“Of course, if the Japanese did attack, its only sensible to imagine that they would try to strike a knockout blow in the first round to US Pacific military operations.”
The Japanese originally did not think so at all. Yamamoto had to put his reputation and credibility on the line and demand the adoption of his own Pearl Harbor strike plan contrary to decades of pre-war planning for a decisive battle with the U.S. Navy somewhere at sea and close to the Japanese naval bases.
“There werent many other realistic options for how the story would play out.”
On the contrary, there were numerous other Japanese naval war plans which did not have anything to do at all with attacking the U.S. Navy’s Pacific Fleet at Pearl Harbor. Yamamoto’s strike plan for Pearl Harbor was an innovation Japan had been incapable of performing until special measures were taken to acquire the technical capabilities to make the raid possible.
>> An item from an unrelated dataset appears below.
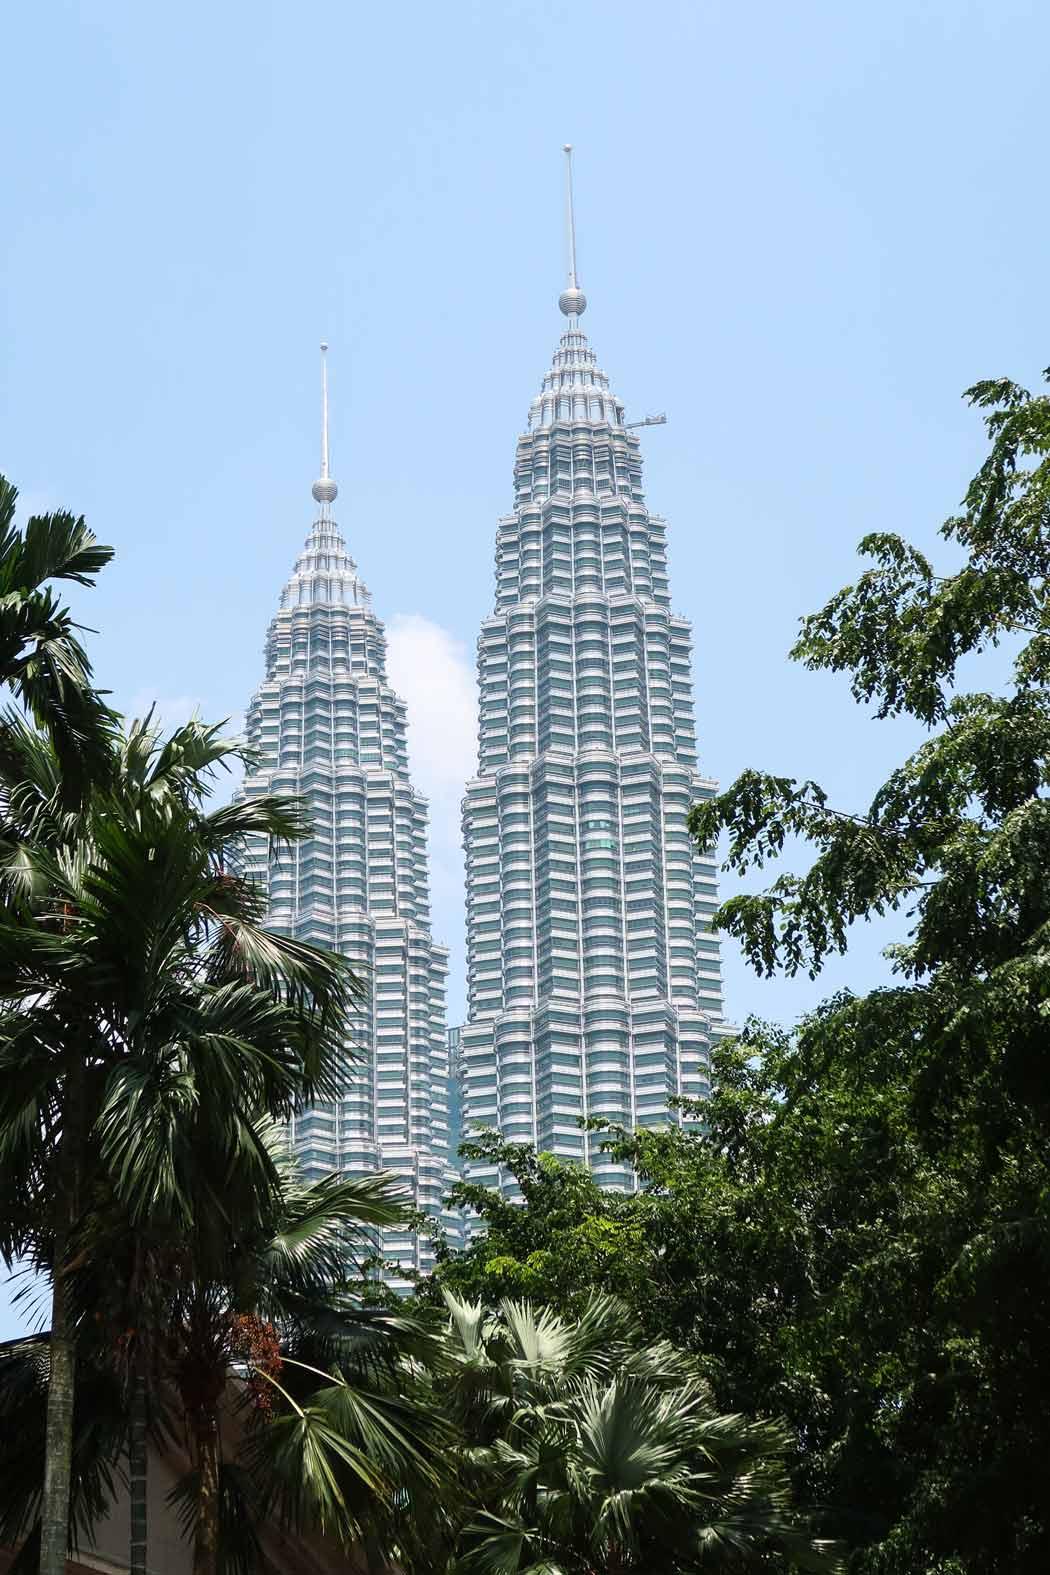 Das Wahrzeichen von Kuala Lumpur - die Petronas Towers

These included among many other special preparations Japan’s first underway refueling of a carrier task force, developed specifically to attack Pearl Harbor; and special aerial torpedoes capable of being dropped and operating in the shallow waters of Pearl Harbor.
“However, if top US leadership prepared adequately and the attack damage was minimized, i.e., the battle was relatively even, US public opinion would not have been so cranked up over retribution in the coming war. Having such a disaster happen provided the carte blanche the planners were looking for from the American people, paving the way for an all-out war effort.”
That is a myth, because the American public opinion would also have been sufficiently inflamed by the Japanese atrocities in the Philippines to have served the same purpose as the attack upon Pearl Harbor. So, the Japanese war of aggression against the territories of the United states would have left no alternative but the kind of war we experienced whether or not the U.S. Pacific Fleet was forward based in the Hawaiian Islands.
Also, the worst part of the Japanese attack upon Pearl Harbor were the casualties we suffered and the loss of the military and naval aircraft. The loss and damage suffered by the Pacific Fleet’s battleships and cruisers caused no serious damage to the strategic and tactical capabilities of the U.S. Navy in the war. The sunk and damaged battleships were obsolescent and could play no important roles in the first year or two of the war.